PROVIDED DATA:
========
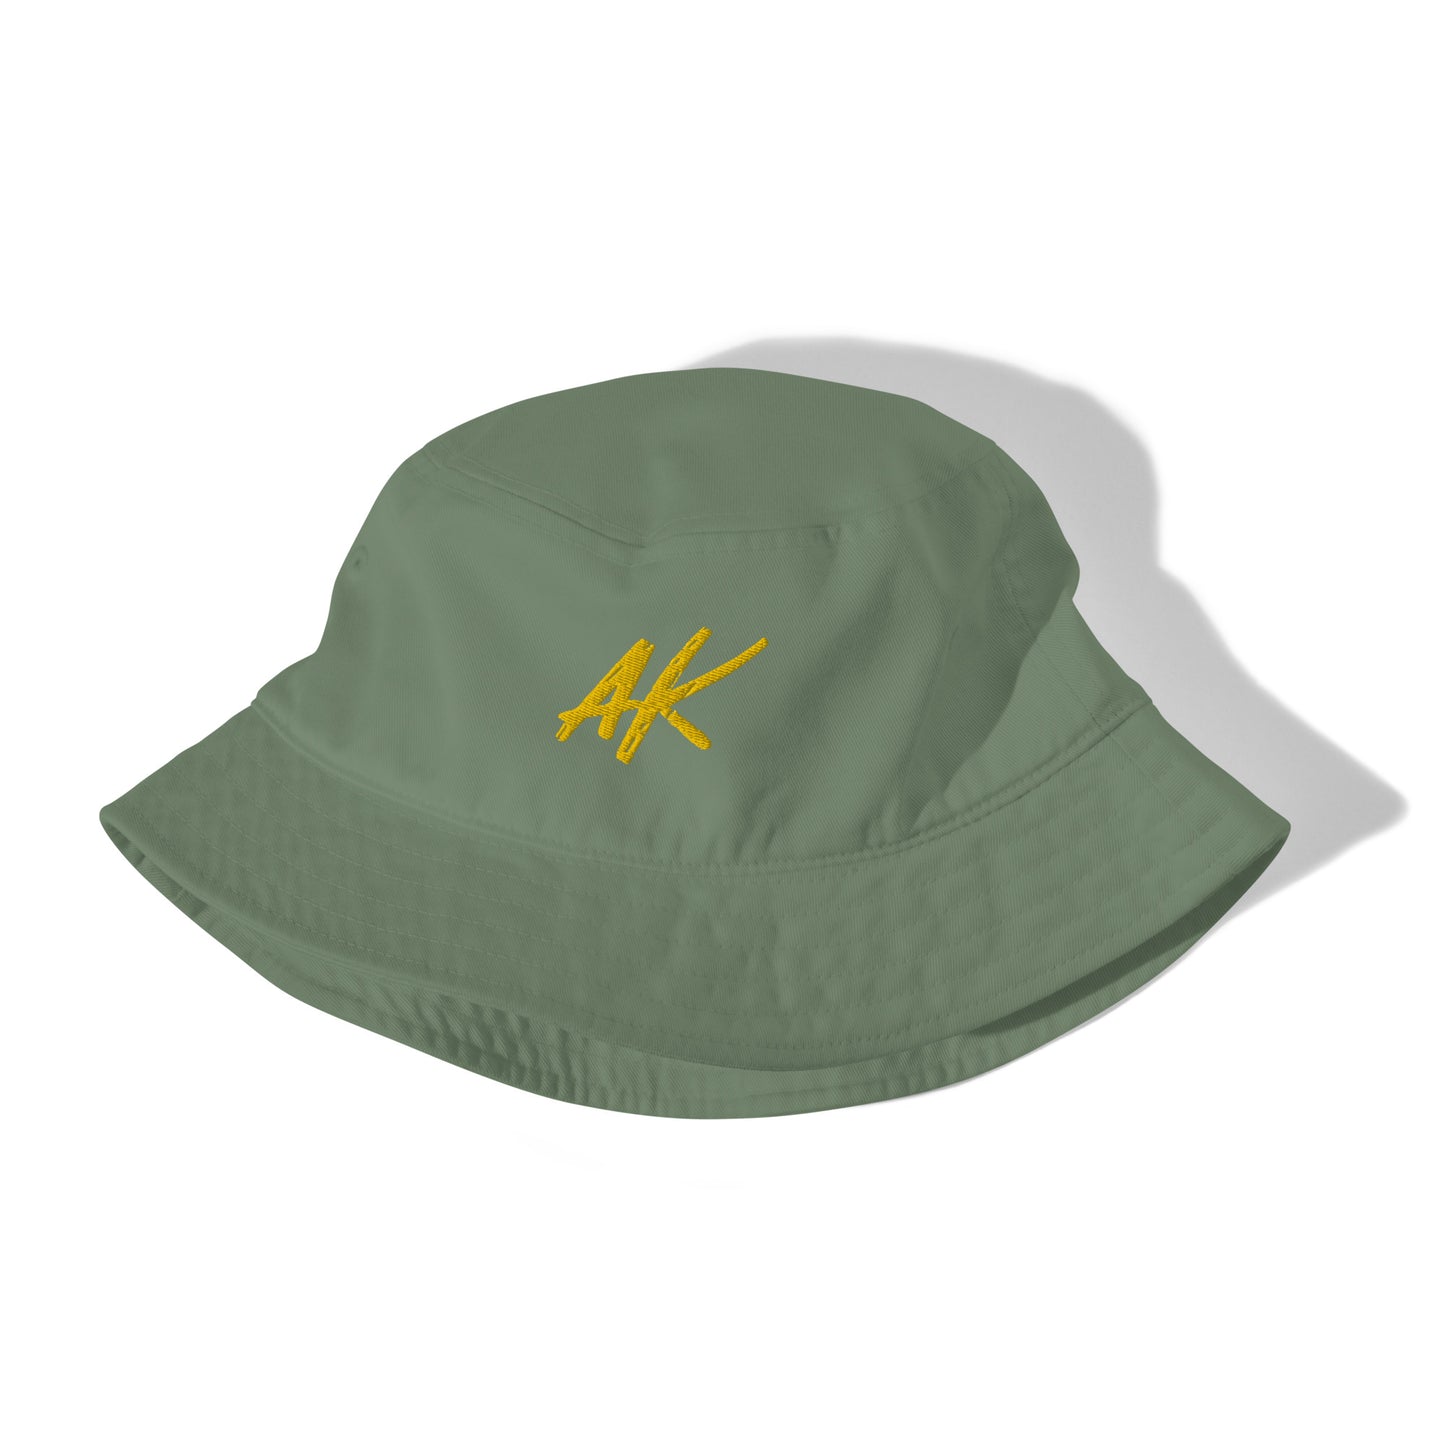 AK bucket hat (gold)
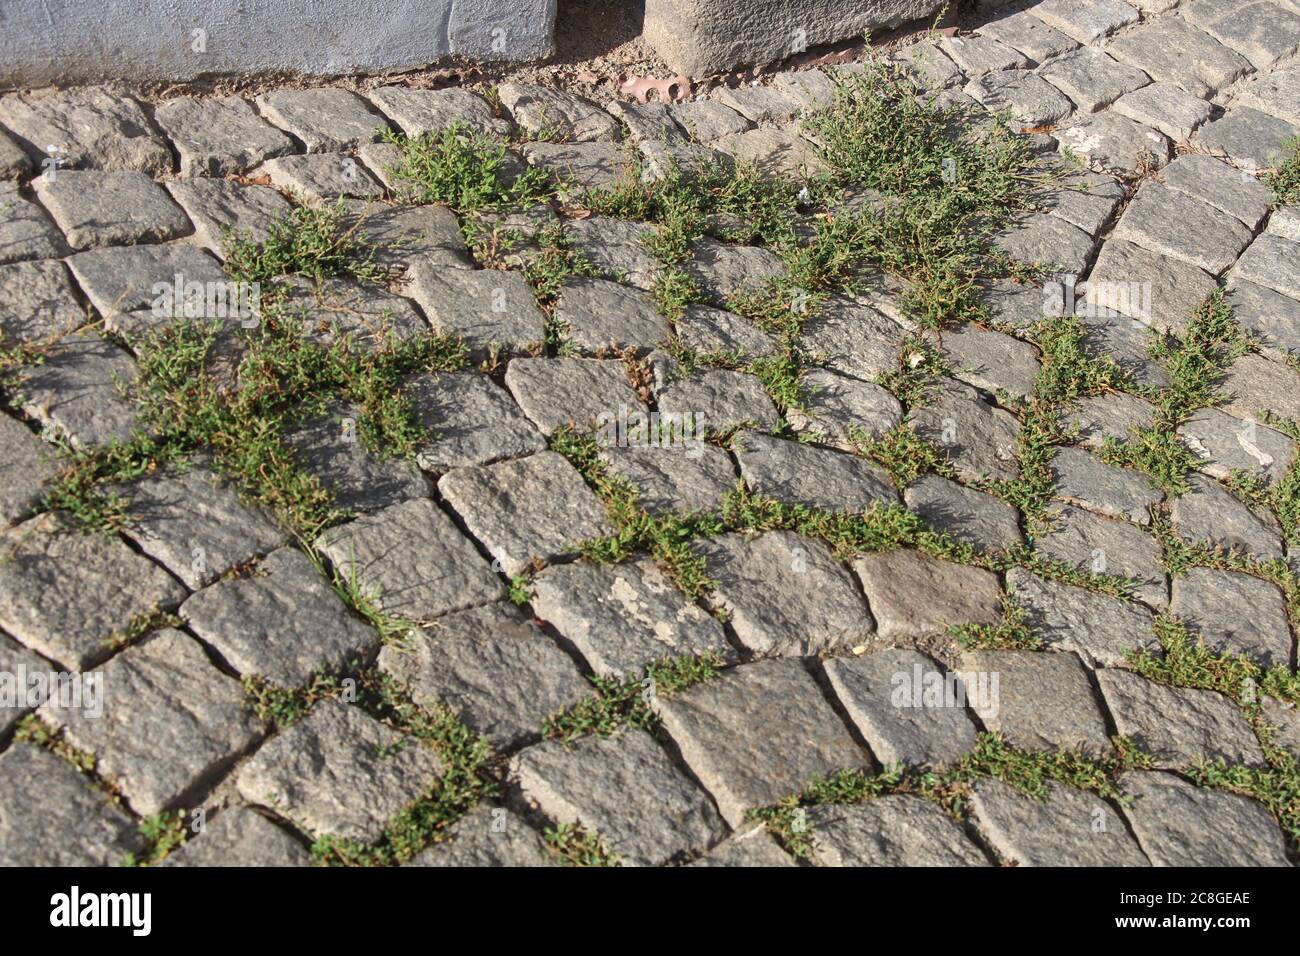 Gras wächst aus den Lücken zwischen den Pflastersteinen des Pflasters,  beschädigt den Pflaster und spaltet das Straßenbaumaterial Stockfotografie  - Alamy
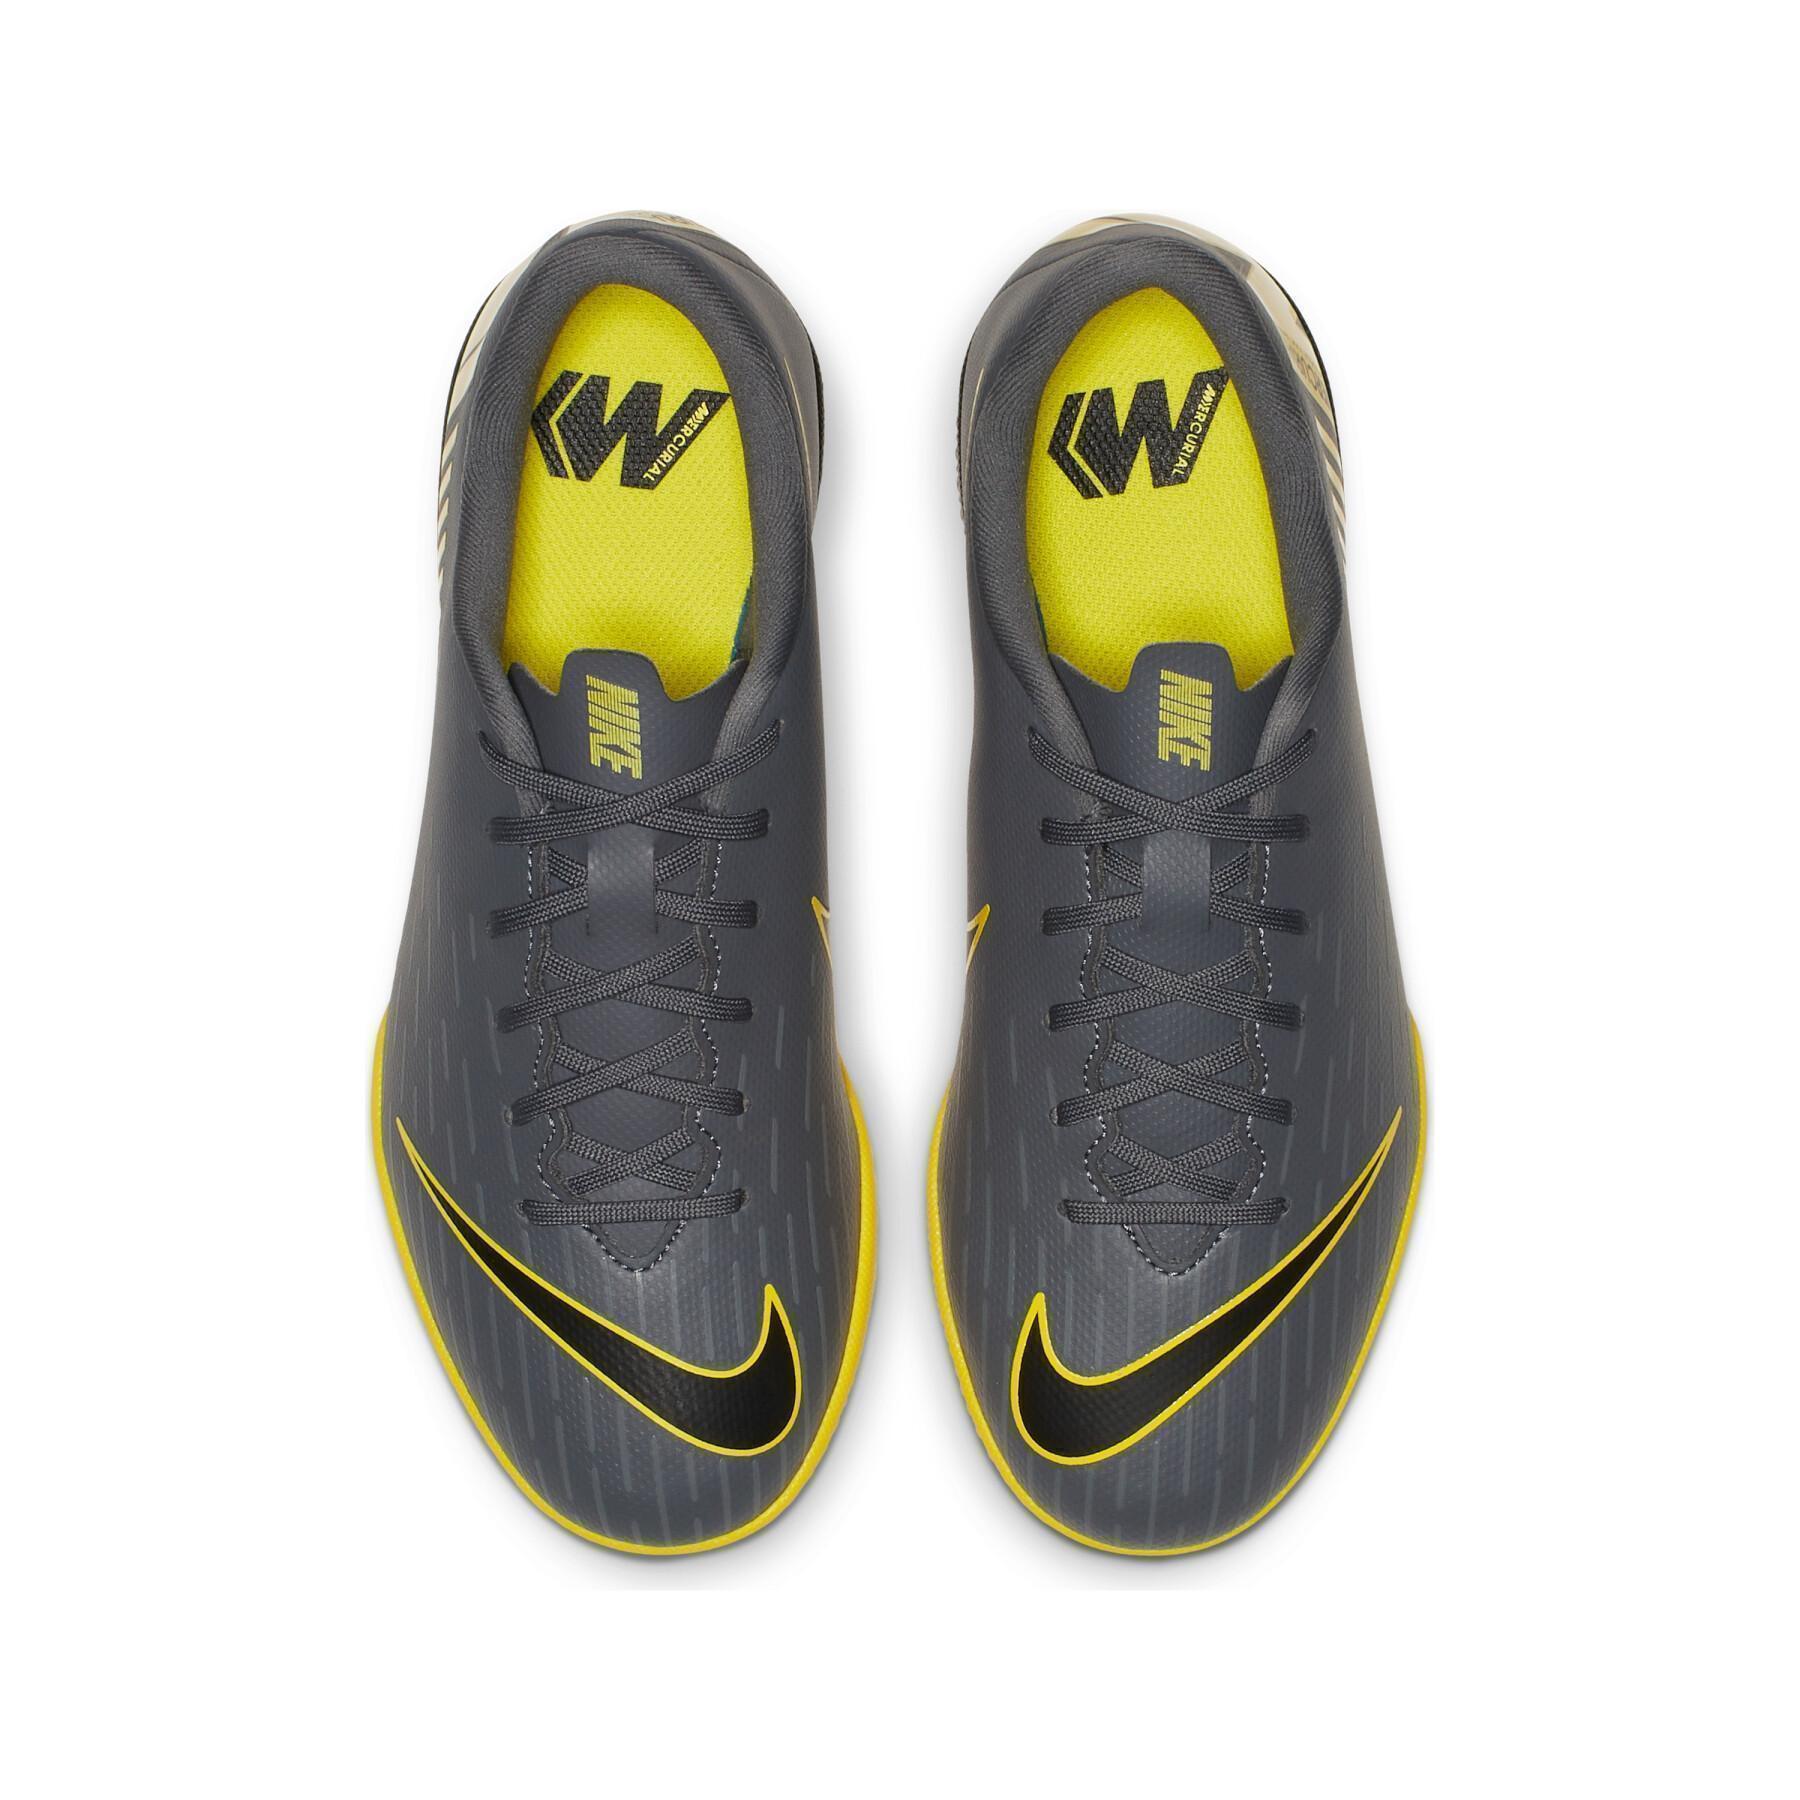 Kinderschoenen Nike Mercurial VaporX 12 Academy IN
========
EXERCISE AIM: Only an exact copy of the lines from the one with "Gras wächst aus" through the last line of the data above is wanted, and no pictures.

RESPONSE BELOW:
 Gras wächst aus den Lücken zwischen den Pflastersteinen des Pflasters,  beschädigt den Pflaster und spaltet das Straßenbaumaterial Stockfotografie  - Alamy
 Kinderschoenen Nike Mercurial VaporX 12 Academy IN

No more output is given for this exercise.